Because of his naiveté – or more likely, because of the naiveté of President Obama and Secretary of State Clinton – he went into a dangerous area with only two security men. True, Tyrone Woods and Glen Doherty were former SEALs. (“When you care enough to send the very best.”) But two of the best are no match for perhaps 400 of the worst, especially when the worst are armed with automatic weapons, rocket-propelled grenades, mortars, and armored vehicles, and they have been planning the attack for some time.
This sad episode is symptomatic of a widespread problem. Naiveté leads to underestimating the rage of extremist Muslims. Narcissism leads to the myth that Obama’s astonishing brilliance, and his awesome ability to persuade, will suffice to turn enemies into friends. Leftism leads to the fantasy that most of the problems of the world are America’s fault, so if we just apologize, promise to mend our ways, and abase ourselves by bowing low, all will be forgiven, and everyone will love us.
But all this is a dangerous delusion. It seems to make sense only in the rarefied atmosphere of elitist universities, where reality consists of what leftist professors imagine the world to be. On the contrary, in the real world, a desire to be loved often leads to being despised. Instead, we should strive to be respected by the world.
Respect includes admiration, honor, gratitude, and – yes – fear. The Obama administration has bent over backwards to assure the world that America has done nothing to deserve admiration, honor, or gratitude – and that America is no longer to be feared. Thus respect becomes impossible. If you are feeling charitable, you could call this a foreign policy. But is it a successful foreign policy? Only if success is defined as diminishing America’s influence throughout the world.
Naiveté is charming in a small child. It is inappropriate and potentially dangerous in an adult. It is especially dangerous in those who are responsible for the lives of others. In striving to be loved, the administration lost the respect of the world, and in addition taught the world not to fear us.
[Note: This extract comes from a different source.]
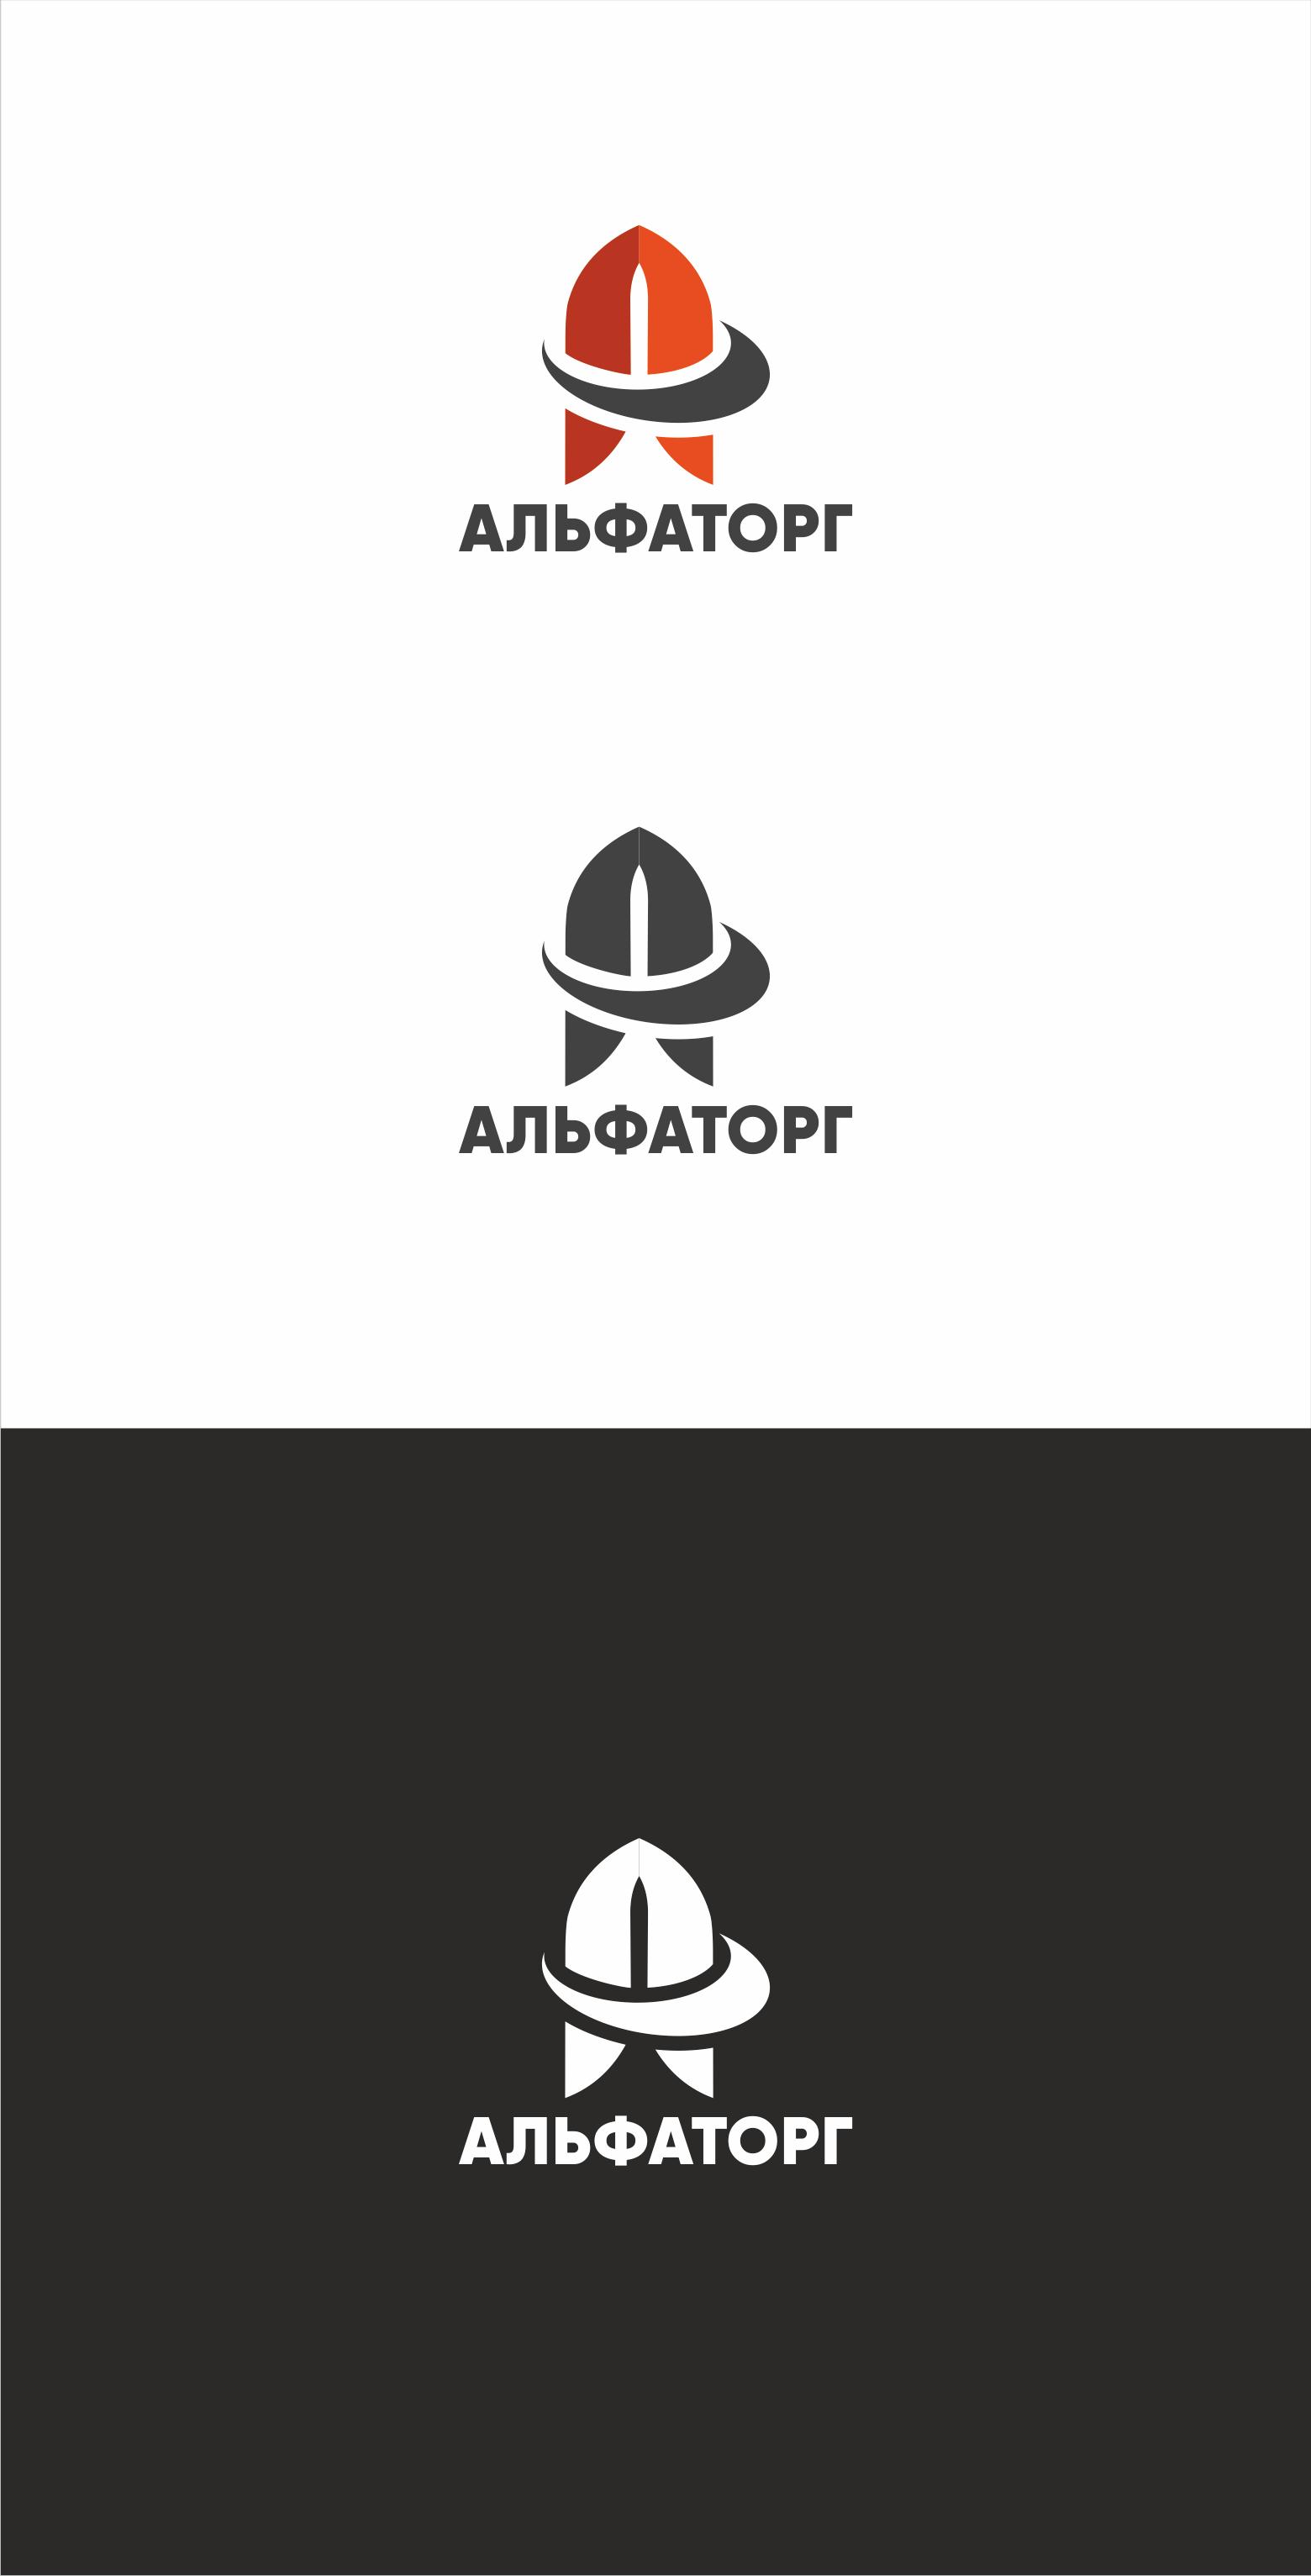 Логотип и фирменный стиль фото f_7405ef76f7daae40.png

We see the results all about us.
We have bowed too low in an attempt to show we are no longer the leading proponent of freedom. We have bent too far over backwards in an attempt not to give offense. But those who bow too low risk falling on their faces, and those who bend too far over backwards risk falling on their posteriors. It is best – and safest – to stand up straight. Those who cannot stand up for their beliefs should stand down, and make way for others who find an erect posture more appealing.